# Fishing Windmill Point - Whitestone, VA



## GO HOKIES! (Jun 14, 2011)

Parents just bought a new retirement home at the mouth of the Rap and Bay. We are wondering how good the fishing is around this area year round. We are VERY new to this area and helpful fishing hints would be much appreciated. They specifically live in mosquito creek and we were also wondering if many decent fish make up there (~5-6 ft deep). We went out to our neighborhoods beach near the marina and saw ~20 nice size sting rays swimming by. I hear windmill point used to be a good cobia fishing point but i'm not sure if that is still true. Thanks for your input!!!

Bret


----------



## drumrun (Dec 5, 2007)

I havent fished up that way in years, but as a very rugged outline, spring has blues, croacker flounder stripers. Summer has the same add in some spanish and a occasional cobia. Fall add spot and some great spec fishing and more and bigger stripers.

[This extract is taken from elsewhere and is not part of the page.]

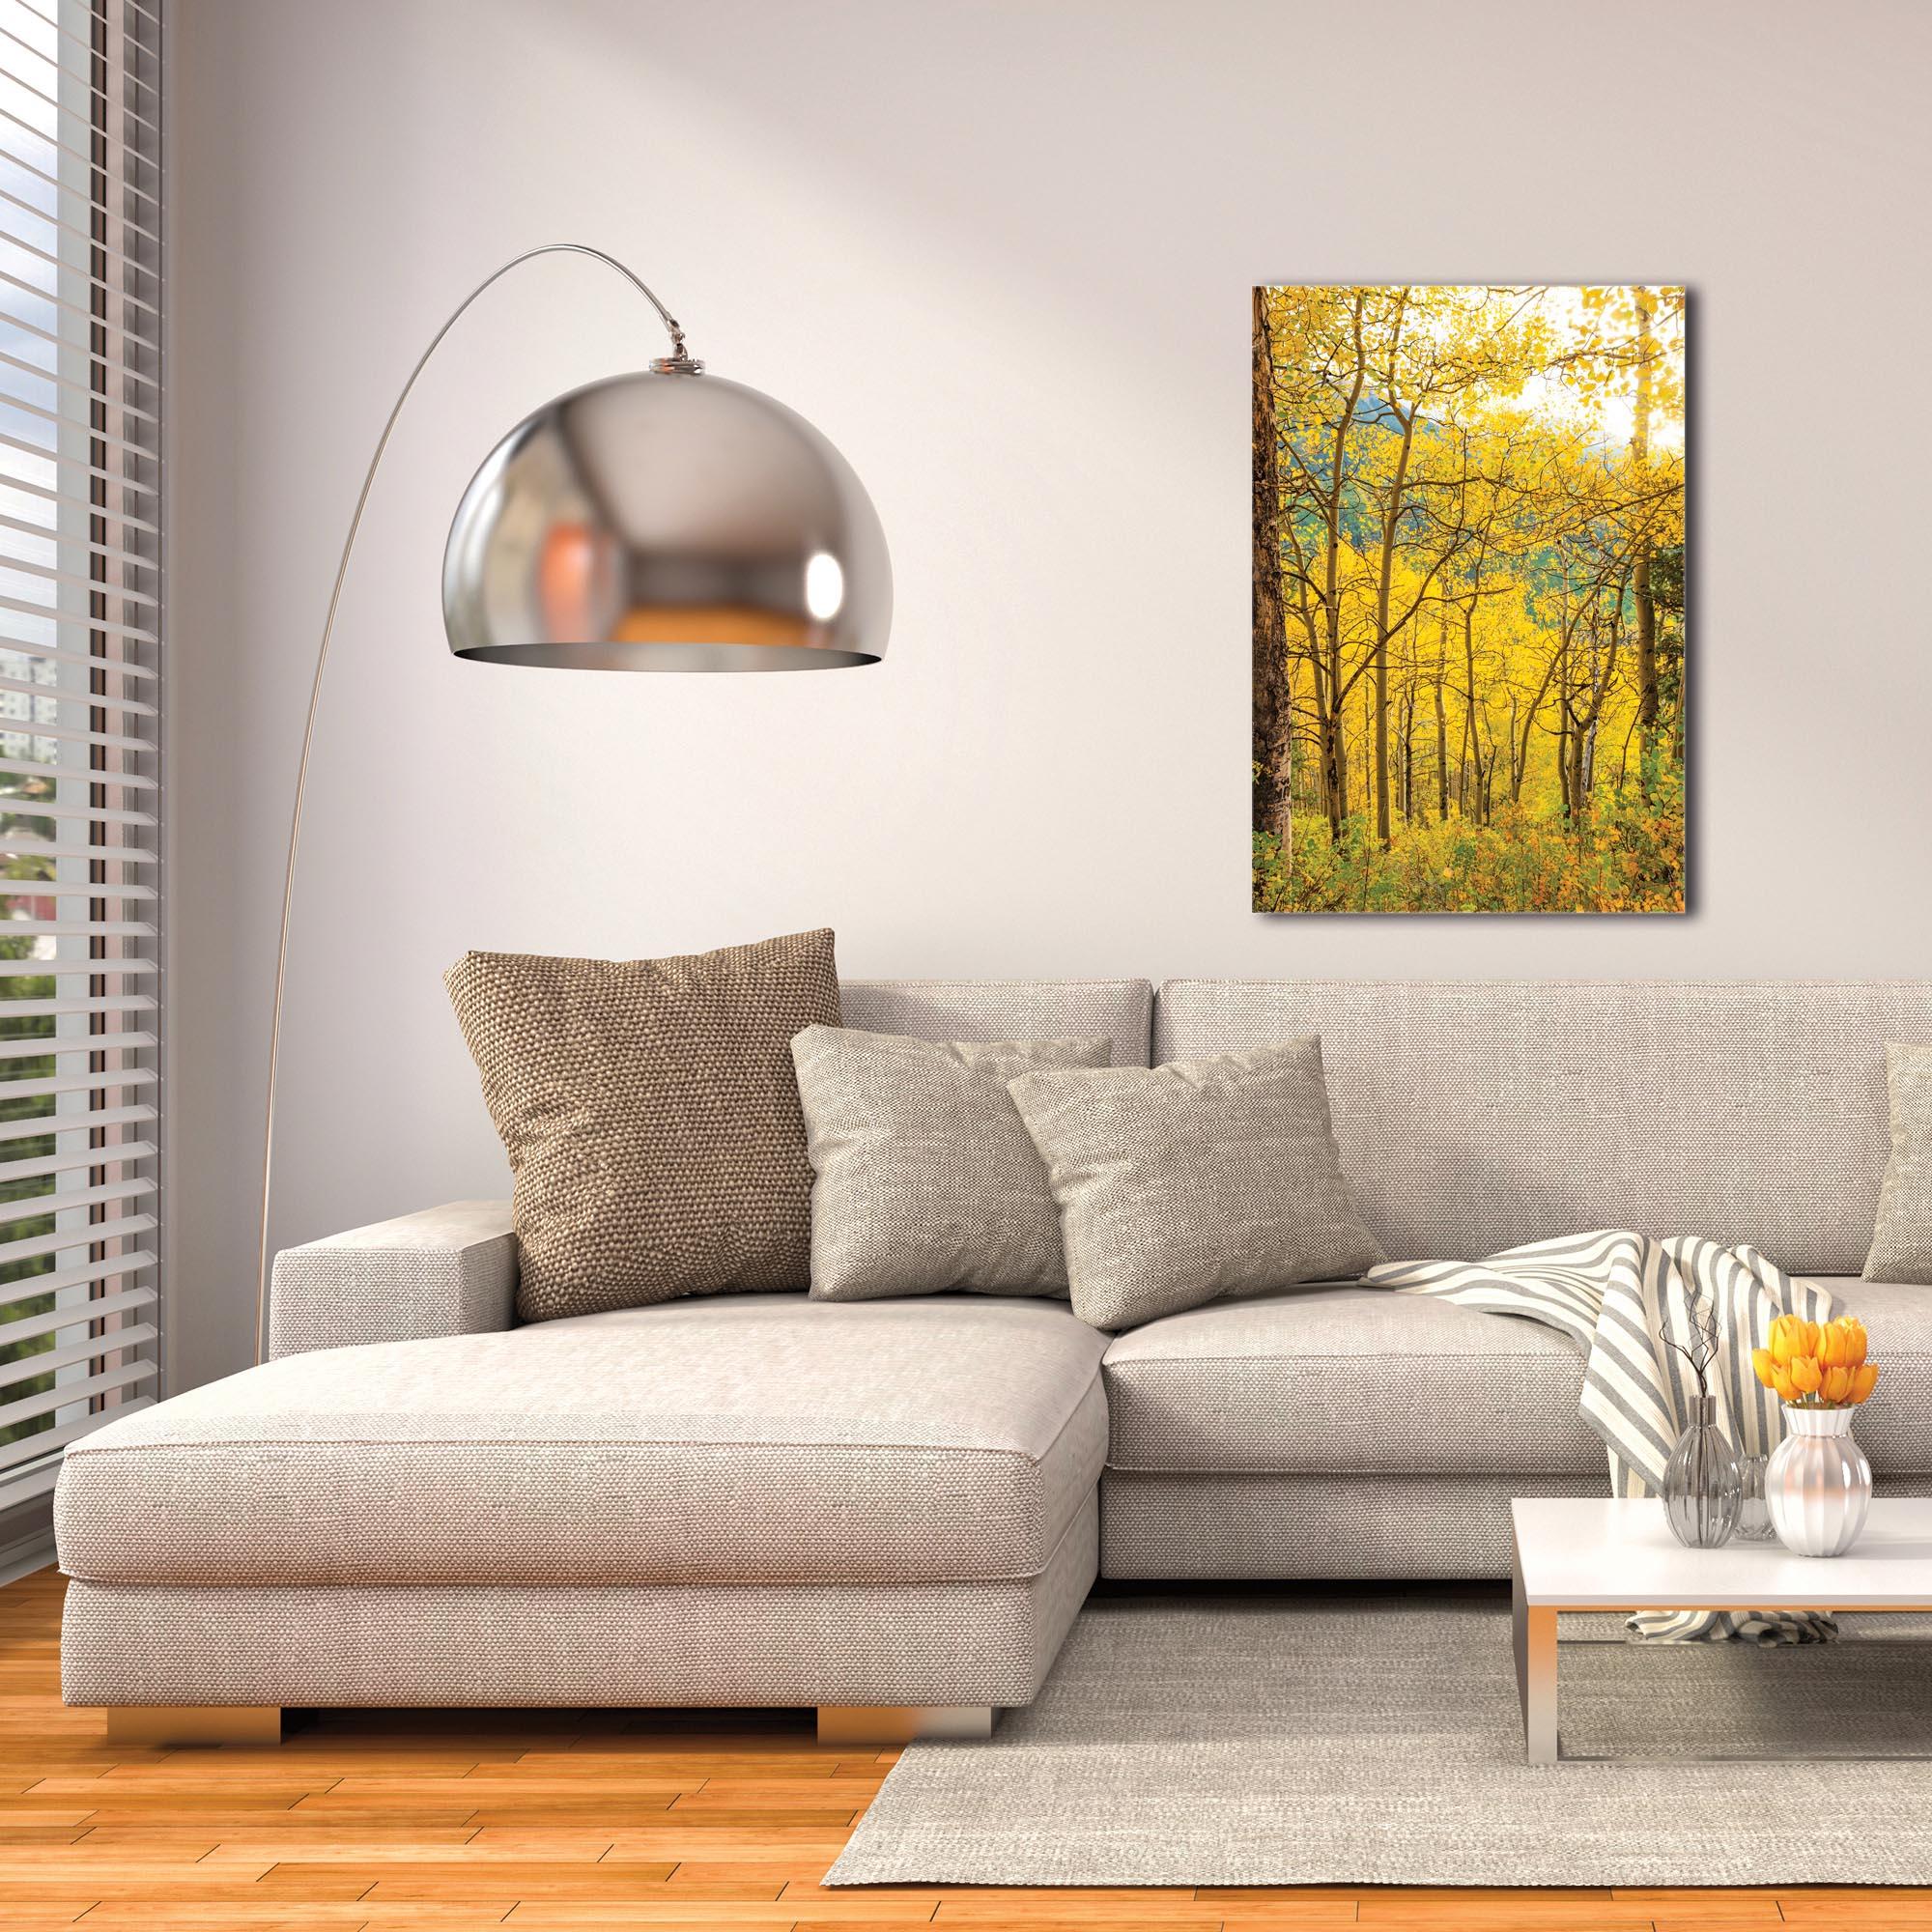 Landscape Photography 'Aspen Path' - Autumn Nature Art on Metal or Plexiglass - Image 3

Like I said its been a while but it can be real good.


----------



## Semper Fi (Nov 5, 2009)

You're in fish haven, get ready to enjoy it.


----------



## HuskyMD (May 19, 2000)

Yep, I can't speak for the spring there, but I went there once in the summer and caught spot, croaker, flounder, and pufferfish in one hour of fishing...lots to catch there.


----------



## marstang50 (May 3, 2005)

your in a great location to work the shallows with lures or run out to deeper water. Wide variety of fish. Nice beach out there to hang out on if you got a boat to get to it.


----------



## SurFeesher (May 5, 2010)

I go down there often for work. My boss' parents are in the condos next to the marina at Windmill Point. I ask everyone who's home I go to about the fishing. I do remember one person on Mosquito Creek saying he caught 50 Croakers in a short period of time off of his dock, though I believe he we close to the mouth of the creek. If you have a boat, you have hit the fishing jackpot as ther are many holes and oyster beds that hold different fish year round. I'll be at Gray's Point Saturday and will do some fishing off of my wife's sister's boat and I'll add onto this thread and let you know how it goes.

John


----------



## GO HOKIES! (Jun 14, 2011)

Thanks for the response guys! I just realized i meant to say windmill point creek instead of mosquito creek but its pretty much in around the same area. The boat dad is looking at right now is a '07 20 ft. Nautic star 2000 off-shore CC with a 200 h.p. Yamaha 4-stroke engine. We found a great deal in NC. yea - hit this thread back up after you do a little fishing. You guys are getting me very excited about the fishing opportunity and memories we will be having! We have also heard about the island "beach" pretty much around the corner where many people pull up their boats. I hear on holiday weekends there is as many as 300 people on that island. Sounds like my kind of paradise!!


----------



## landlocked (Jun 10, 2001)

Ive been to that island. If you want to meet people that is the place.


----------



## SurFeesher (May 5, 2010)

Wife's sister and husband have a pontoon and was too rough early to get out into main river but caught some croakers in a creek. Lots of baby ones present with a few 10-12" ones. Would like to have gotten out on the oyster beds or Butler's Hole but maybe next time. Still a nice day on the water, though.


----------



## rsqchief5 (Jan 5, 2009)

*fished whitestone this weekend....*

also fished 30 miles up river at the towers. Up river we caught a few croaker (we were fishing a croaker tournament) and lots of catfish. down by whitestone, we caught alot more croakers and a small striper. we fished out of carters creek. turned up river and fished the next creek. Croaker bite picked up late in the afternoon.


----------